Main Ingredients:
Egg Yolk: 2; Granulated Sugar: 20g; Gelatin Sheets: 10g; Fine Sugar: 40g.
Auxiliary Ingredients:
Mascarpone Cheese: 250g; Milk: 50g; Animal Whipping Cream: 250g; Red Dragon Fruit: Appropriate amount.
Flavor: Sweet; Process: Other; Time: Several hours; Difficulty: Normal.
Detailed Steps for Cooking Rose-shaped Dragon Fruit Bicolor Mousse
Ingredients Collection
Use a food processor to puree the red dragon fruit, then sift and set aside (I used about 50g of sifted puree).

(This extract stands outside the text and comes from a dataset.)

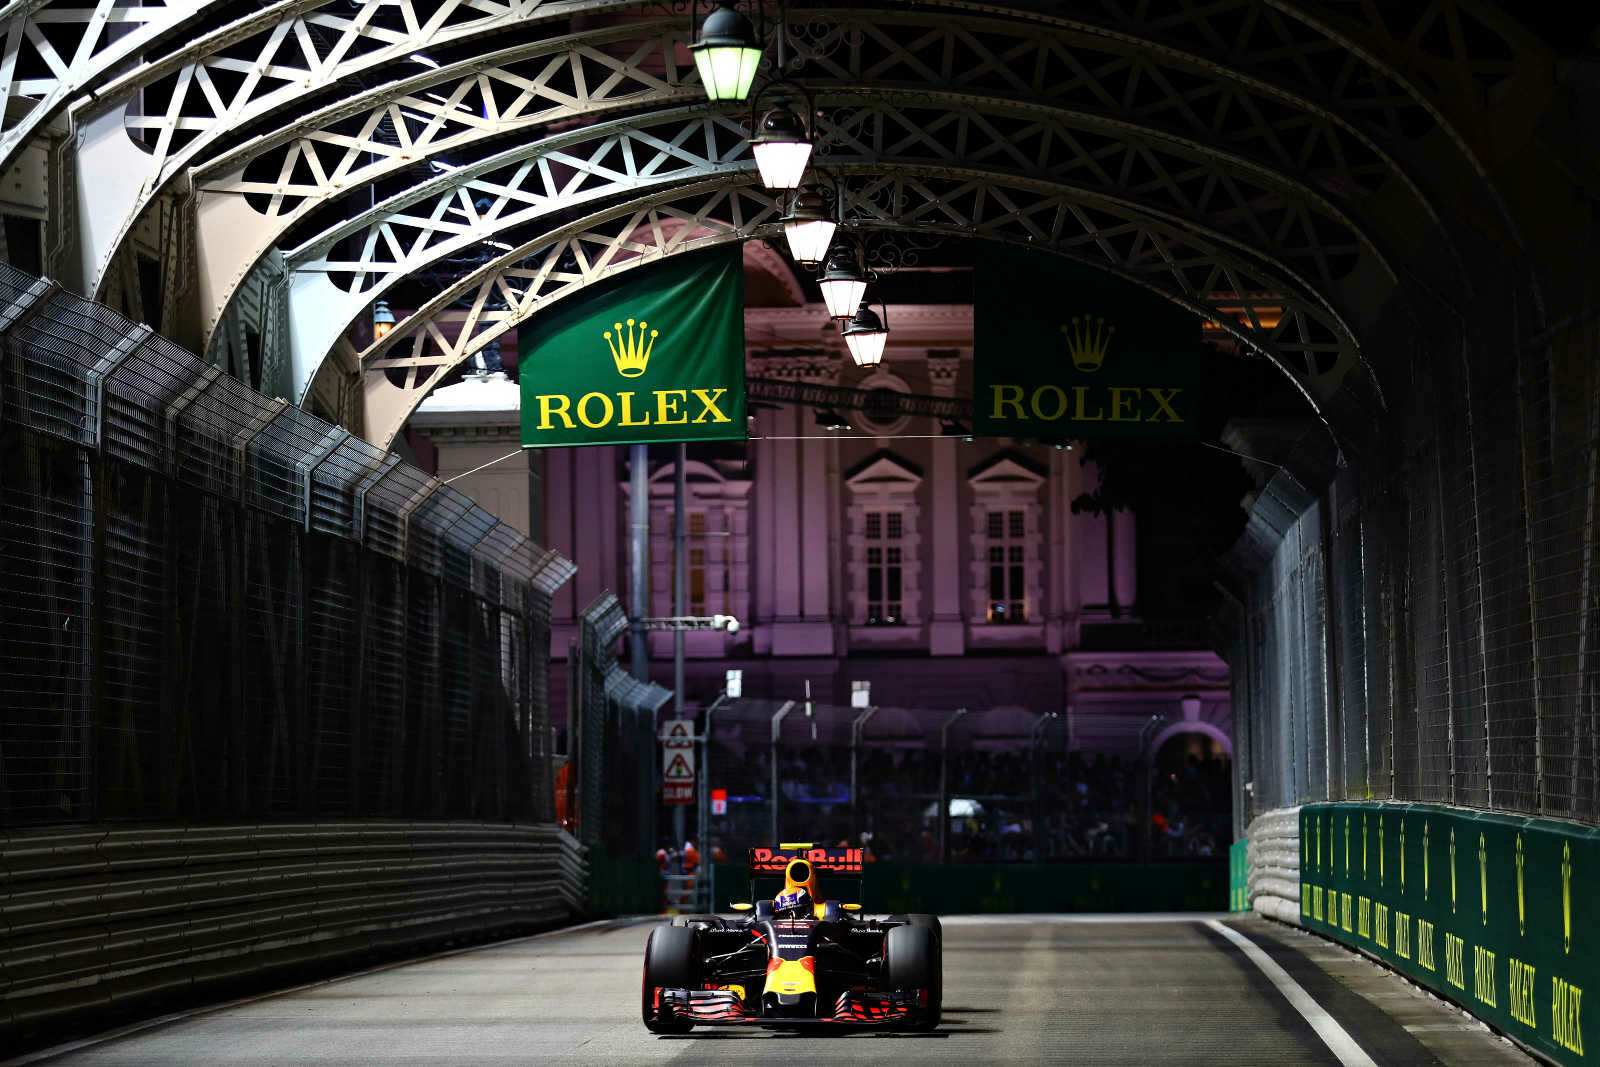 Max_Verstappen_Red_Bull_Racing_F1_Grand_Prix_Singapore_2016_Q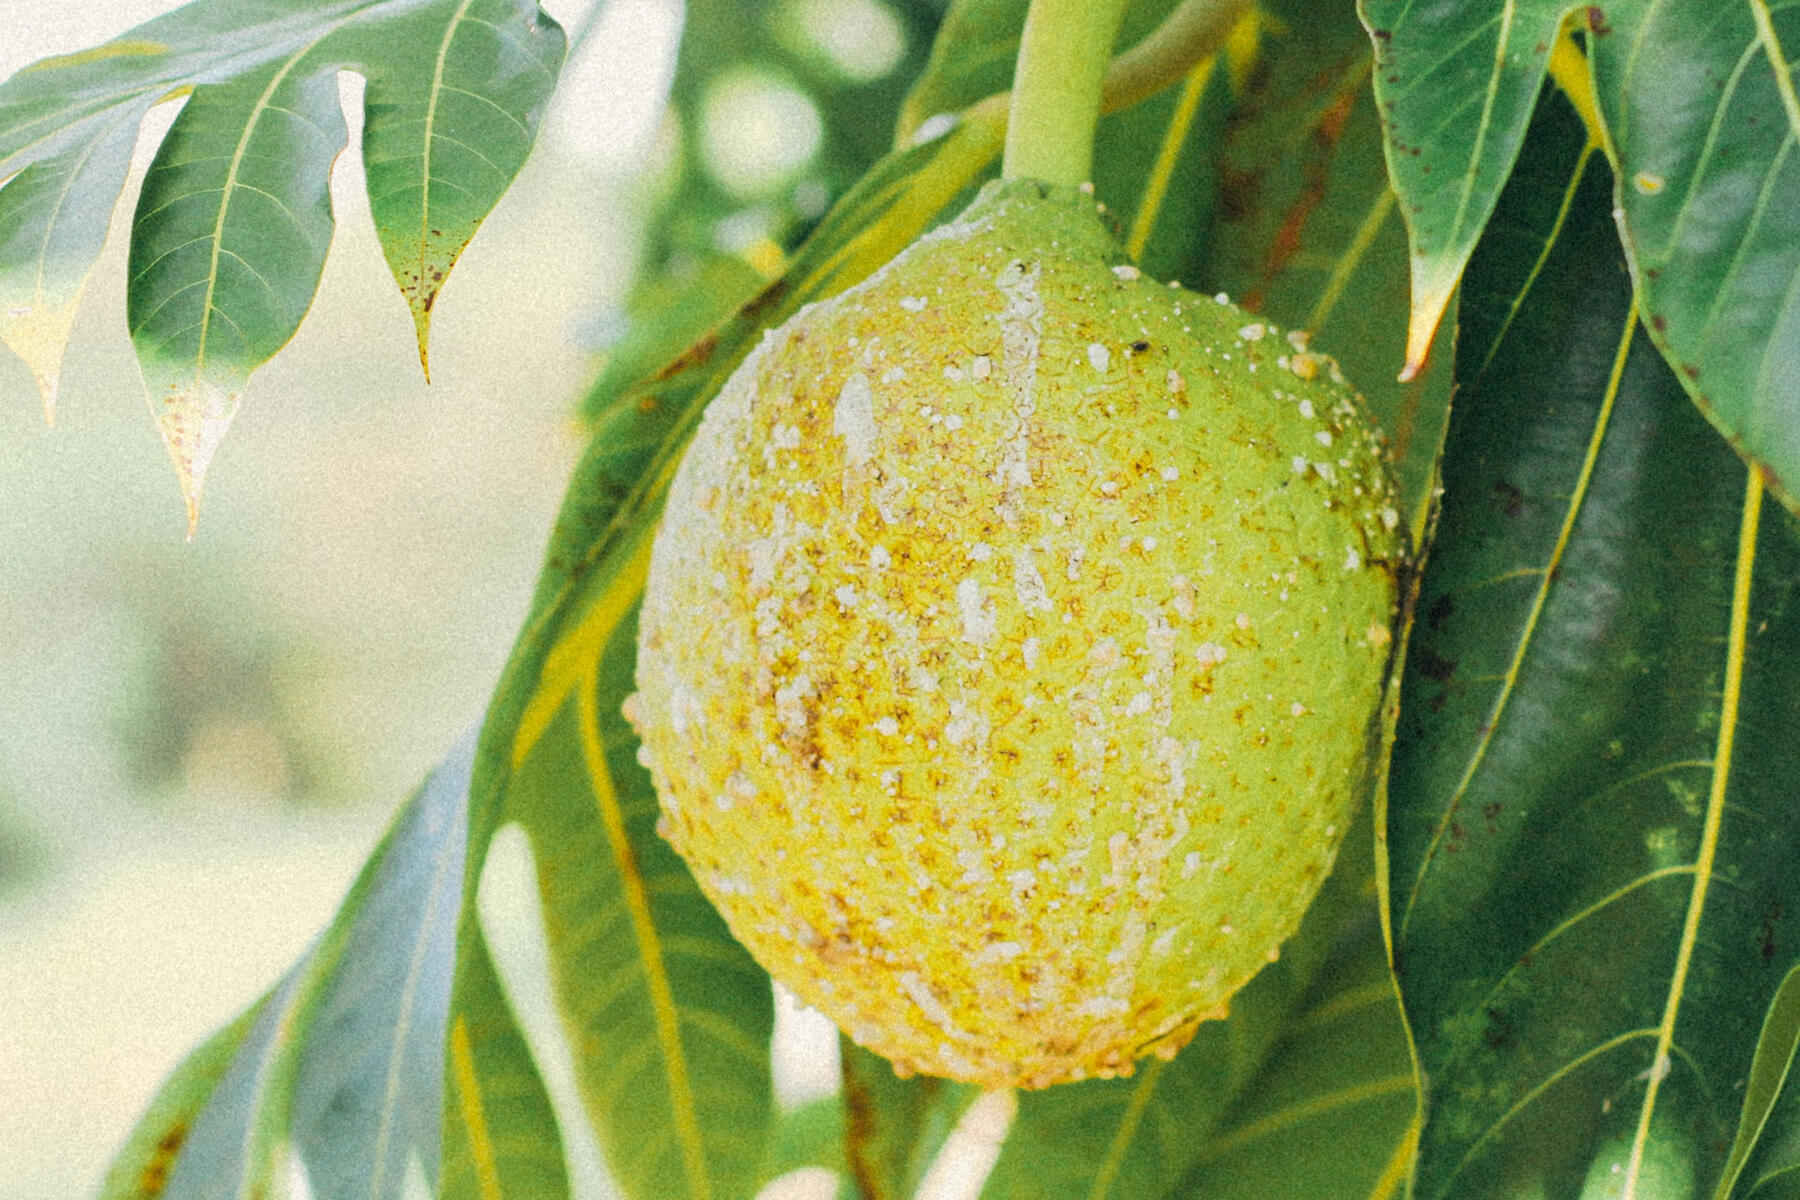 A photo of Hawaiian ʻUlu (breadfruit), taken from Kauaʻi, Hawaiʻi.

Put 2 egg yolks and 20g granulated sugar in a bowl, and beat until the mixture turns white over a double boiler.
Put 250g mascarpone cheese in a bowl over a double boiler and stir until it becomes a smooth paste without lumps.
Add the egg yolk mixture to the cheese paste and mix well.
Soak 10g of gelatin sheets in cold water until soft, then drain the water.
Heat 50g of milk over a double boiler, add the softened gelatin sheets and stir until completely melted. Pour the mixture into the cheese paste and mix well.
Add 20g of whipping cream to 40g of fine sugar in three portions and beat until 60-70% whipped (the degree of whipping depends on the thickness of the cheese paste).
Divide the cheese paste into two bowls.
Add one portion of the cheese paste to the dragon fruit puree and mix well.
Add the whipped cream to the other two portions of cheese paste and mix well.
Put the two mixed cheese pastes into two large disposable piping bags respectively.
Cut a small hole in the piping bags and squeeze the mixture into the rose-shaped molds. Freeze in the refrigerator for at least 4 hours.
Remove the molds from the refrigerator and quickly remove the mousse from the molds. The mousse can be eaten after being thawed in the refrigerator or can be kept frozen and eaten as ice cream.